Her struggle to regain her sobriety is recorded in the same unsentimental, unsparing, sometimes grimly comic way. But the happy outcome is evidenced by the existence of this brilliant book: she has lived to tell the tale.
I tried to push myself out of my comfort zone by picking up a nonfiction memoir, something I don’t typically read. Drunk Mom is a contemporary memoir about a woman struggling with alcoholism and motherhood.
The writing style, while jolting and direct (and actually, that’s normally my cup of tea) felt like it was trying too hard to be literary. As a friend of mine would say, “it insists upon itself.” It’s true that the book is marketed as “unsentimental” and “unsparing” – and I would agree that those descriptors are highly accurate – but often I felt as if Jowita was trying to convince me of something, but I couldn’t really figure out what. It clearly wasn’t a warm and fuzzy tale about motherhood; Jowita neglects her poor son more times than I can count. But hey, that’s part and parcel of addiction, isn’t it? Everything else pales in comparison to the unwavering need for a substance, whatever that happens to be. For Jowita it was alcohol, and boy does she imbibe. She frequently lies to everyone around her, including her boyfriend and family.
I didn’t feel for Jowita, which is odd considering how empathetic I can be.
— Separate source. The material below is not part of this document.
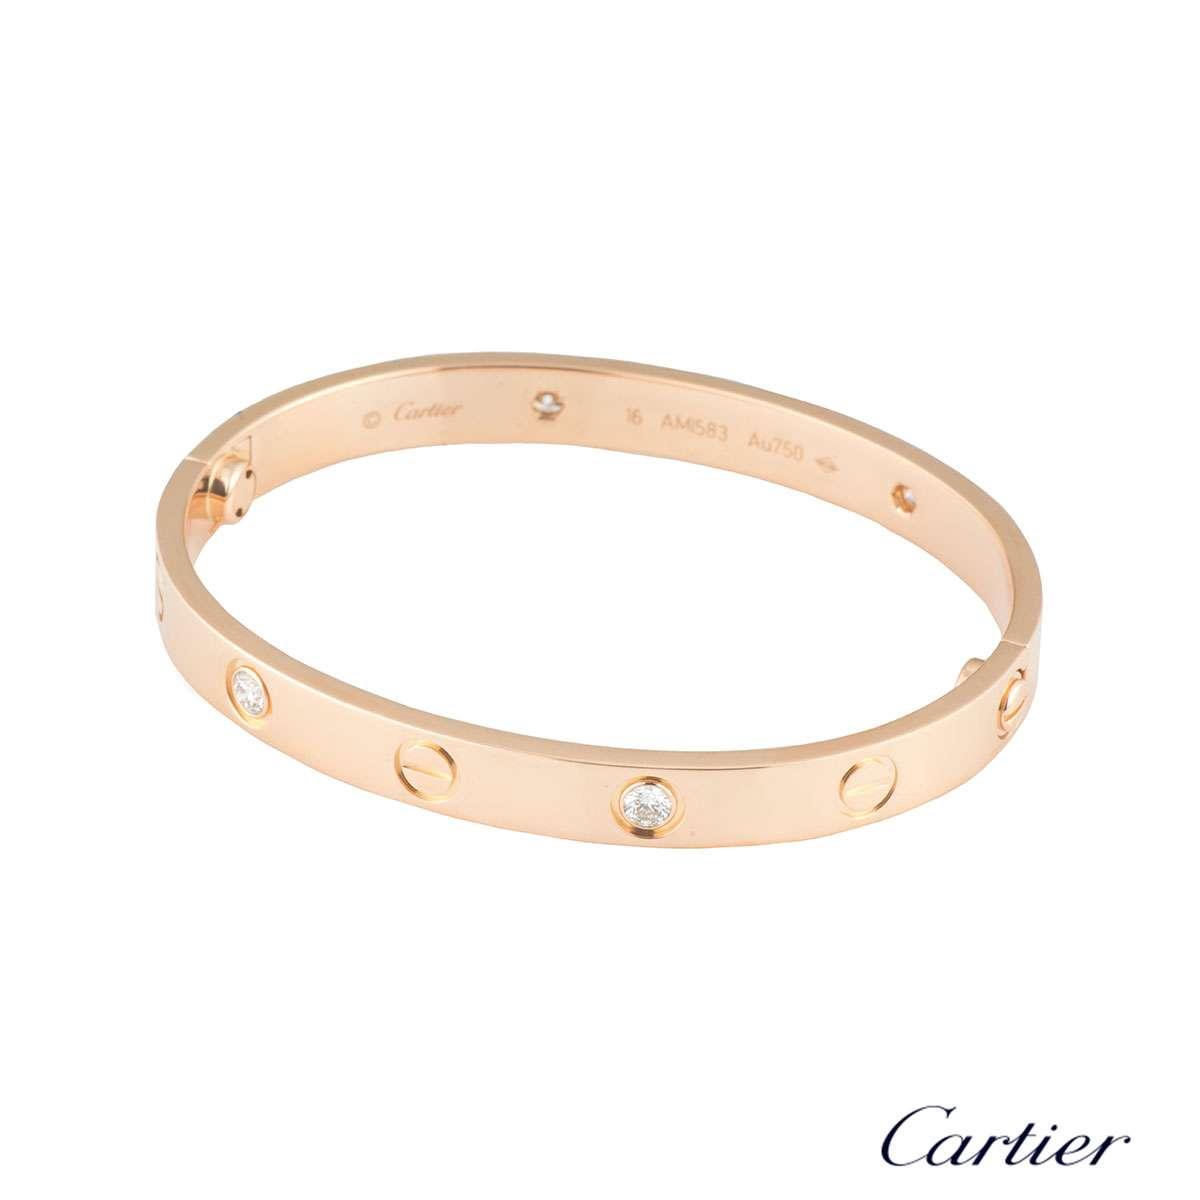 Cartier Infinity Bracelet: Cartier Love Bracelet Rose Gold Half Diamond Size 18

She irked me, but I wasn’t expecting her to be likeable. What I was expecting Drunk Mom to be was moving – and it lacked that for me. I was equal counts disturbed and bored, and I kept turning pages hoping that something would pop up and make me feel something. I just didn’t feel the need to follow Jowita’s story through to the end – I didn’t even care enough about what happens to her baby, since he was mostly relegated to an afterthought. This shouldn’t be called Drunk Mom – just Drunk Jowita.